88

when is calling to the cudaDeviceSynchronize function really needed?.

As far as I understand from the CUDA documentation, CUDA kernels are asynchronous, so it seems that we should call cudaDeviceSynchronize after each kernel launch. However, I have tried the same code (training neural networks) with and without any cudaDeviceSynchronize, except one before the time measurement.
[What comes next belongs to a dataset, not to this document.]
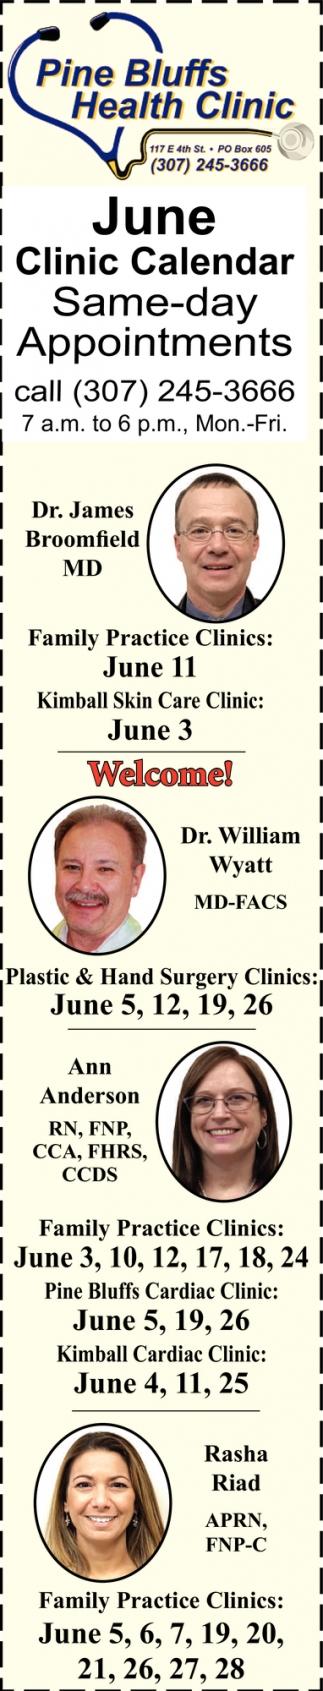 June Clinic Calendar

I have found that I get the same result but with a speed up between 7-12x (depending on the matrix sizes).

So, the question is if there are any reasons to use cudaDeviceSynchronize apart of time measurement.

For example:

  • Is it needed before copying data from the GPU back to the host with cudaMemcpy?

  • If I do matrix multiplications like

    C = A * B
    D = C * F
    

should I put cudaDeviceSynchronize between both?

From my experiment It seems that I don't.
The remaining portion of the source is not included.